Nemotron 3 Ultra
Also known as: NVIDIA Nemotron Ultra, Nemotron Ultra 550B
Nemotron 3 Ultra is a Mixture-of-Experts (MoE) model: it has 550 billion total parameters but only activates about 55 billion of them per token. That sparsity is why it can serve over 300 tokens per second at inference time, a speed most models this large cannot match. NVIDIA released the weights on June 4, 2026, alongside training data and recipes, under a permissive Linux Foundation license that allows commercial use.
On the Artificial Analysis Intelligence Index, it scores 48 — the highest of any US open-weights model ever released, and well ahead of the previous US leader.

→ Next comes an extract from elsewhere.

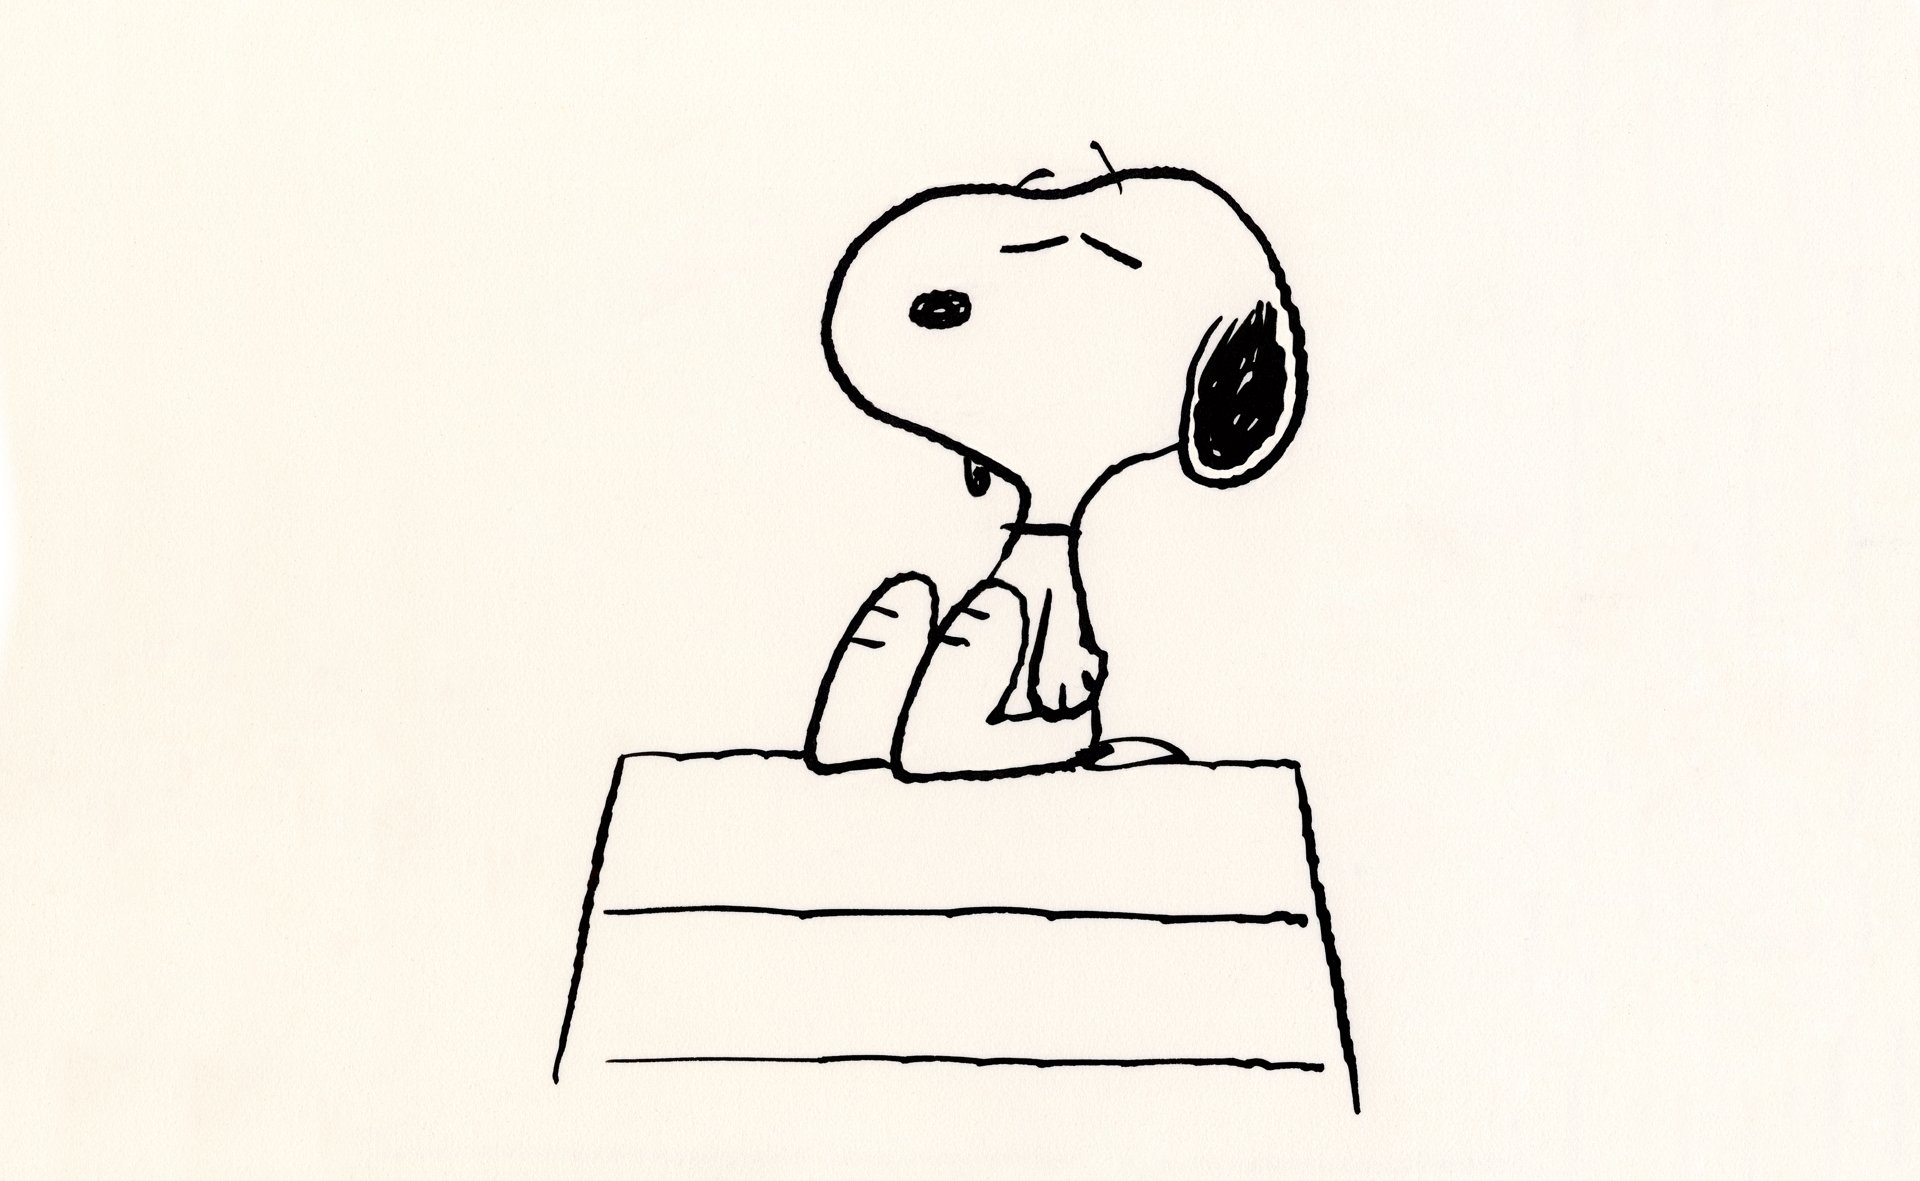 Why Snoopy Is Such a Controversial Figure to ‘Peanuts

The honest caveat: China's open-weights frontier (Kimi K2.6 at 54, DeepSeek V4 Pro) still leads globally. Nemotron 3 Ultra closes but does not erase that gap.
For builders, the relevant angle is the agentic design intent. NVIDIA built this model specifically for multi-step agent pipelines: planning, tool calling, delegating to subagents, reading observations, recovering from errors across hundreds of turns. It's available via Hugging Face, OpenRouter, and NVIDIA NIM (NVIDIA's hosted inference service), and is self-hostable on vLLM, SGLang, and TRT-LLM — but self-hosting requires datacenter GPU infrastructure.